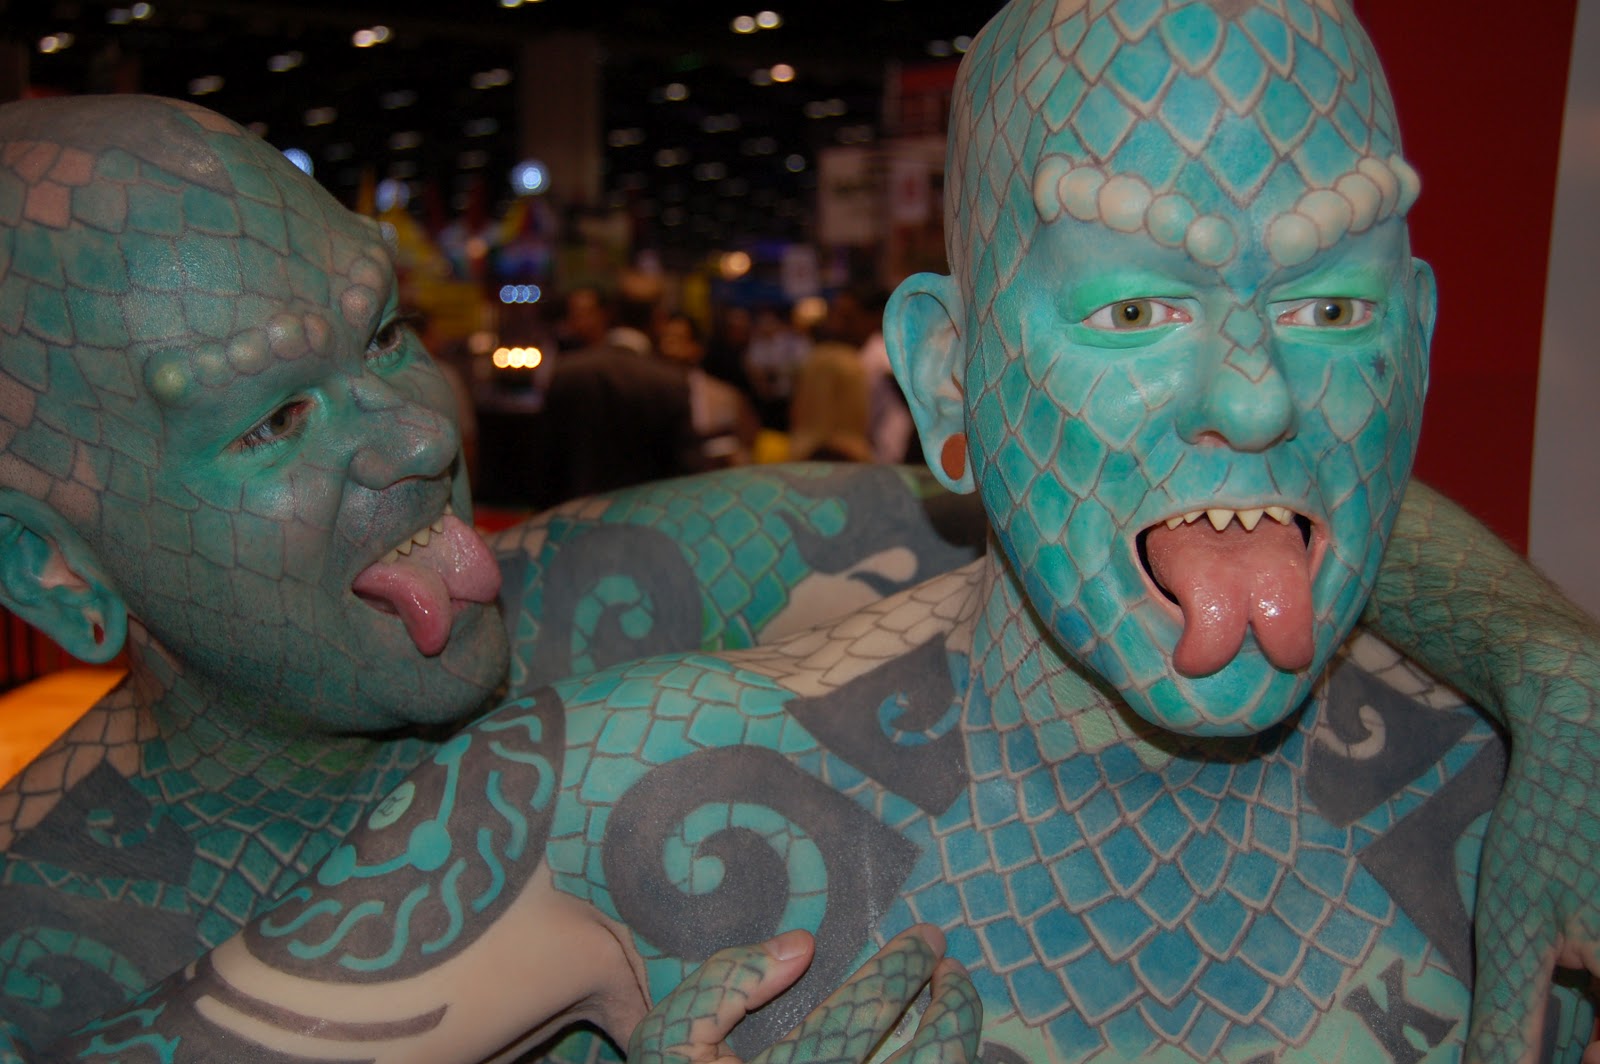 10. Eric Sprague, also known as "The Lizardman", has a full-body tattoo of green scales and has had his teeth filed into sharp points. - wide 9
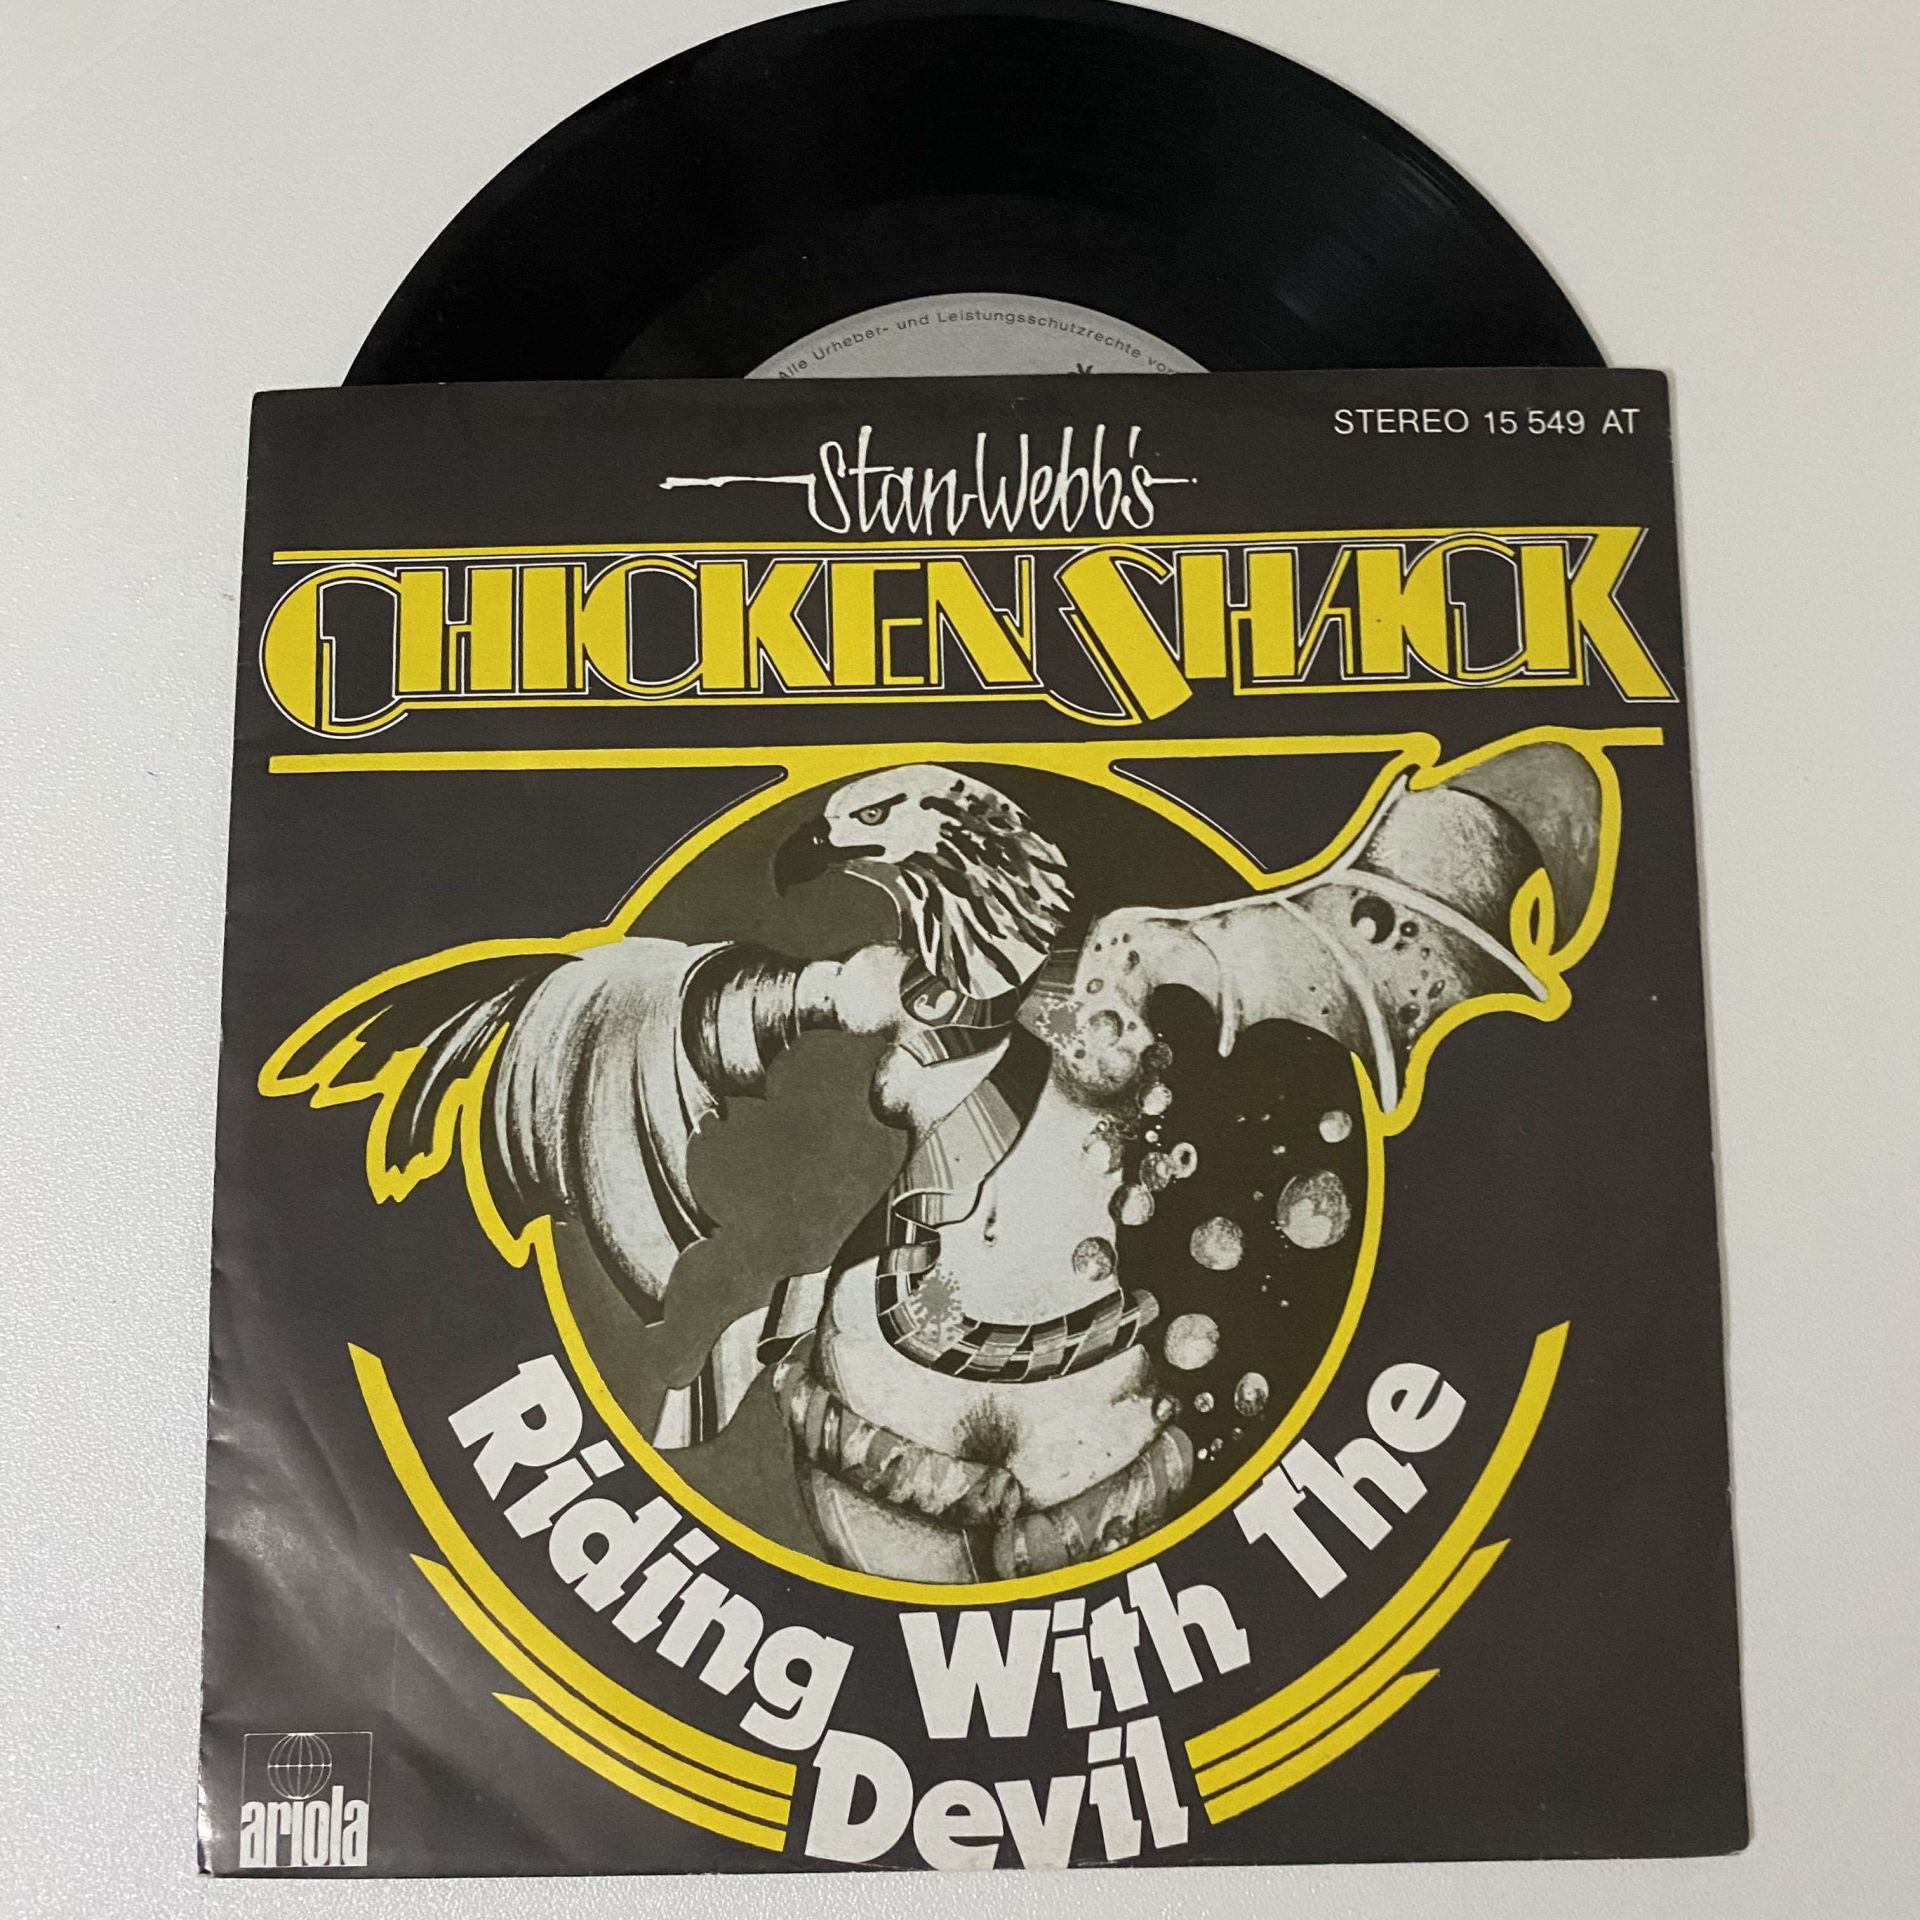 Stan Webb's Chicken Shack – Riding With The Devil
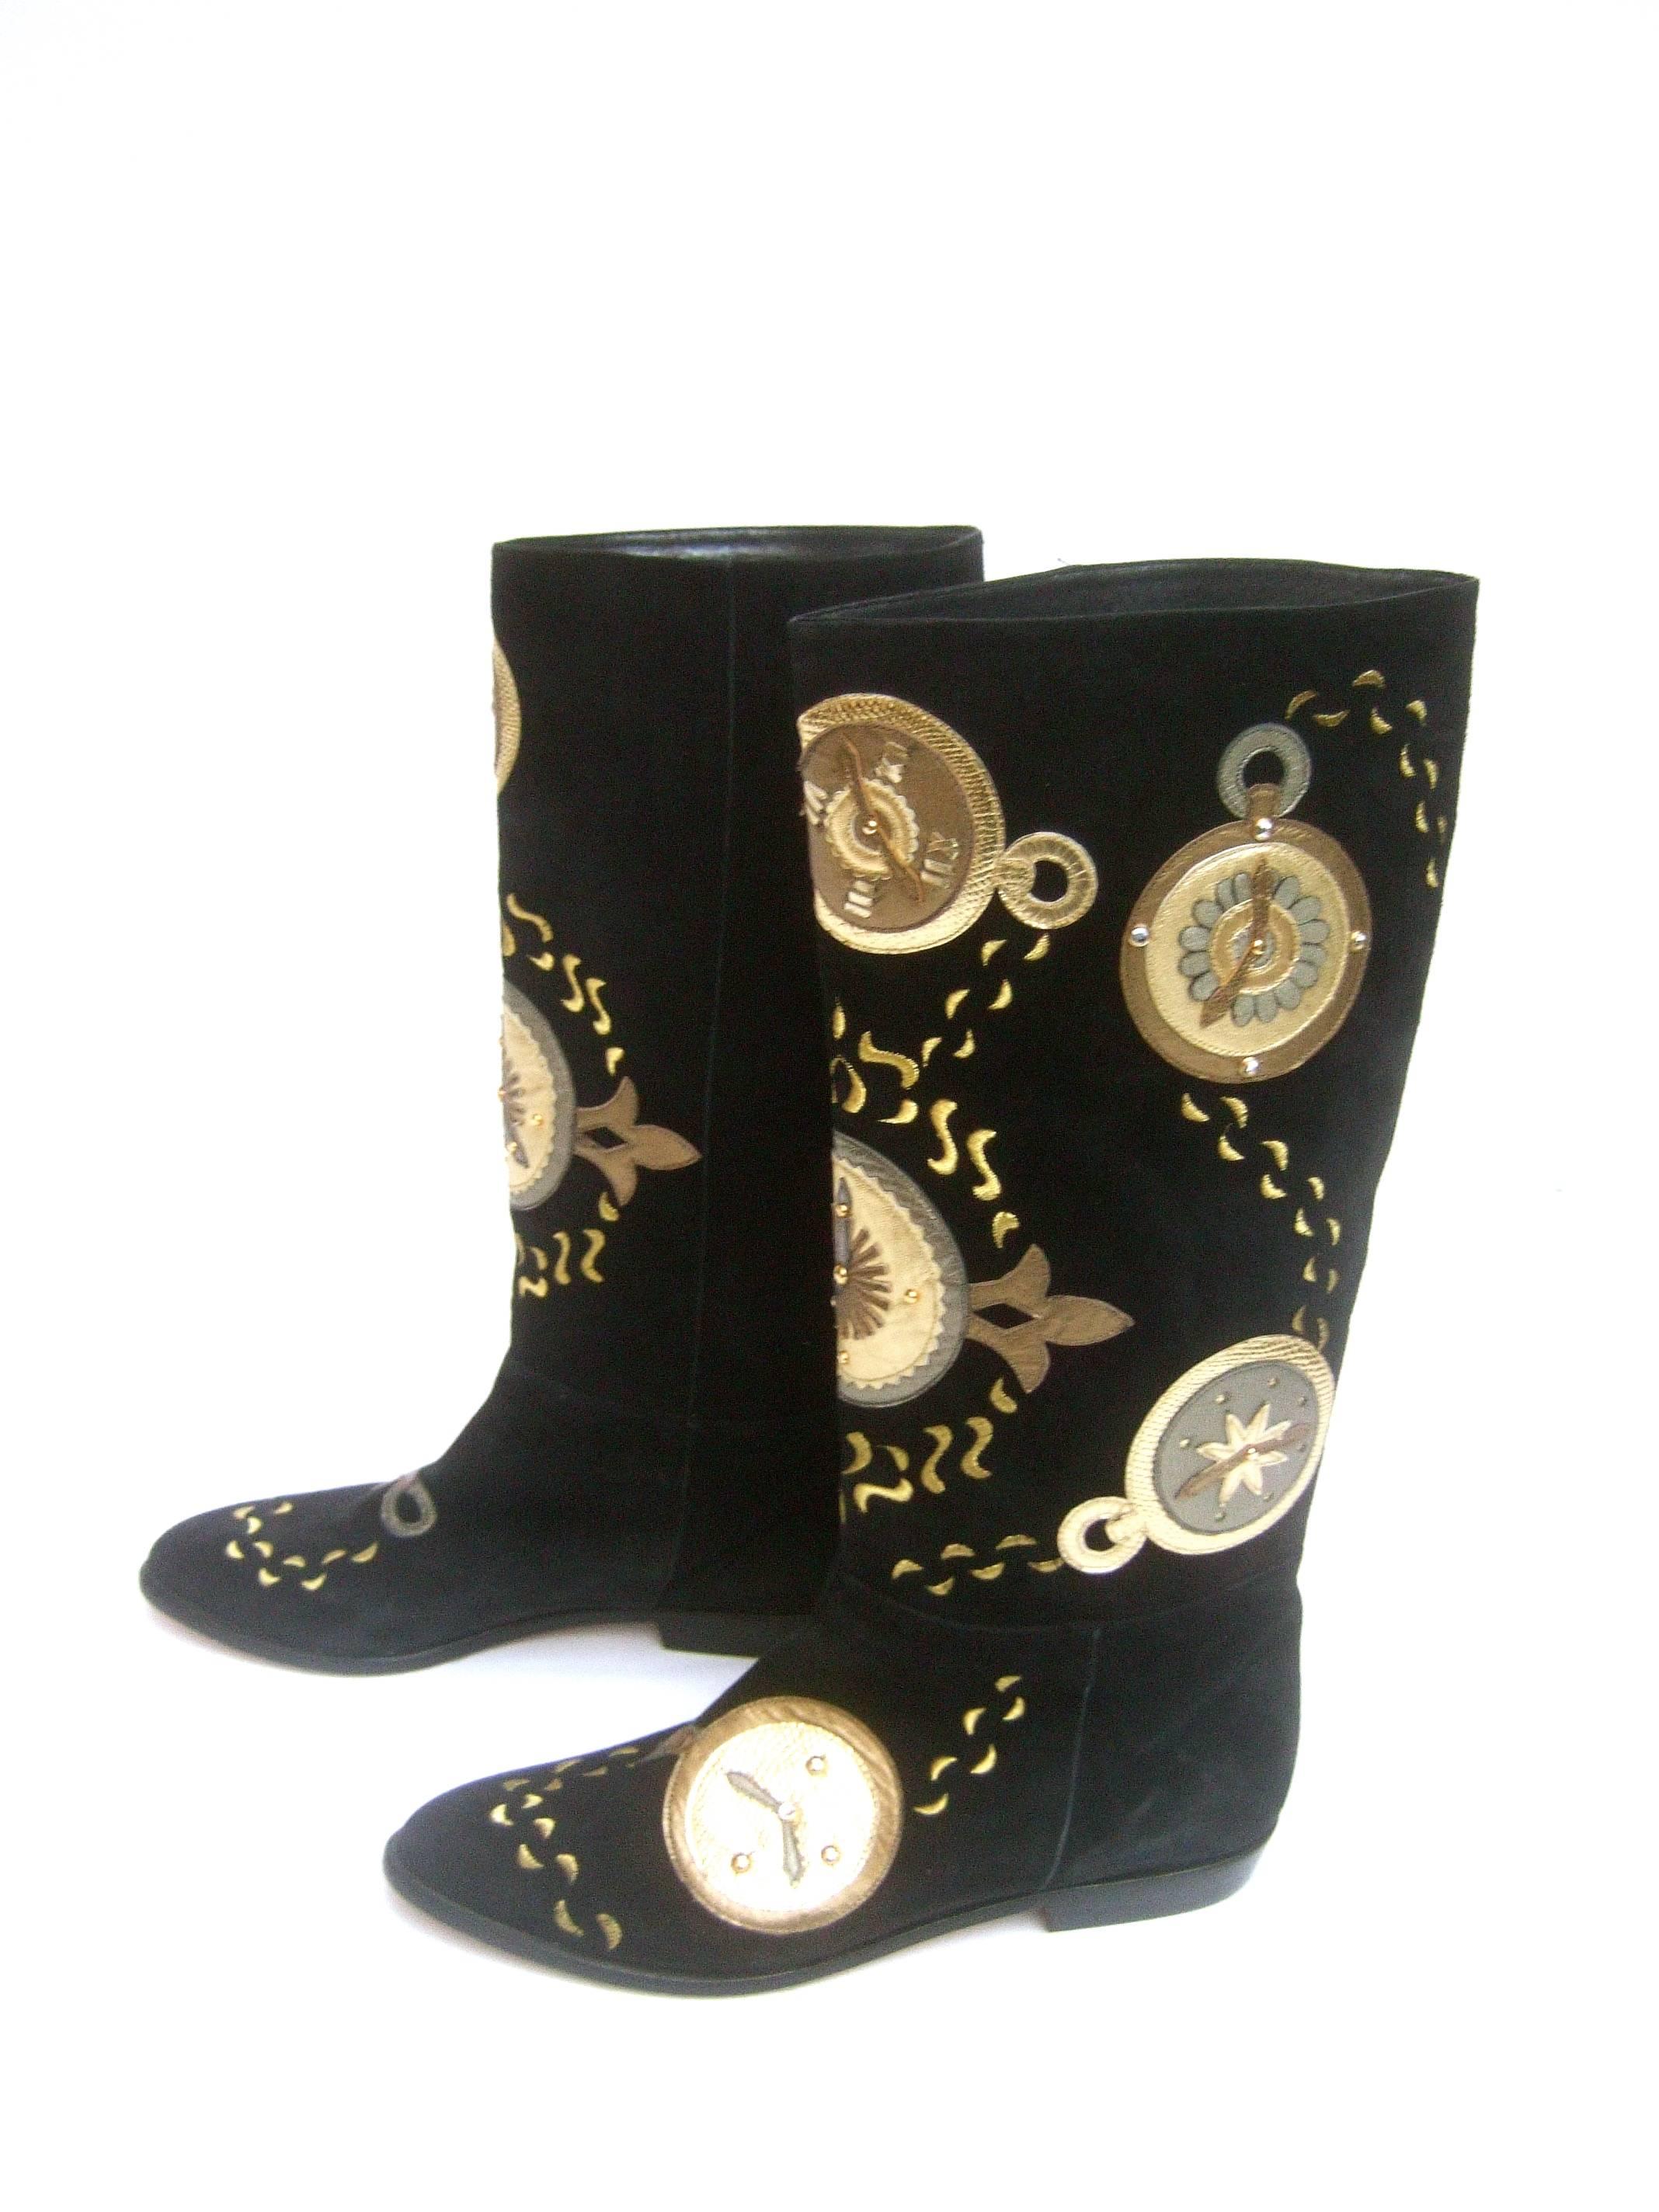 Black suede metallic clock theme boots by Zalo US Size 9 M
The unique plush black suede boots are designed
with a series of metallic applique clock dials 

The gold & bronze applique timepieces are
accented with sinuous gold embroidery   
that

—————

**About this exercise**
Transcribe the listing exactly, skipping pictures.

**Solution below**
 10. Eric Sprague, also known as "The Lizardman", has a full-body tattoo of green scales and has had his teeth filed into sharp points. - wide 9
 Stan Webb's Chicken Shack – Riding With The Devil
 Black suede metallic clock theme boots by Zalo US Size 9 M
The unique plush black suede boots are designed
with a series of metallic applique clock dials 

The gold & bronze applique timepieces are
accented with sinuous gold embroidery   
that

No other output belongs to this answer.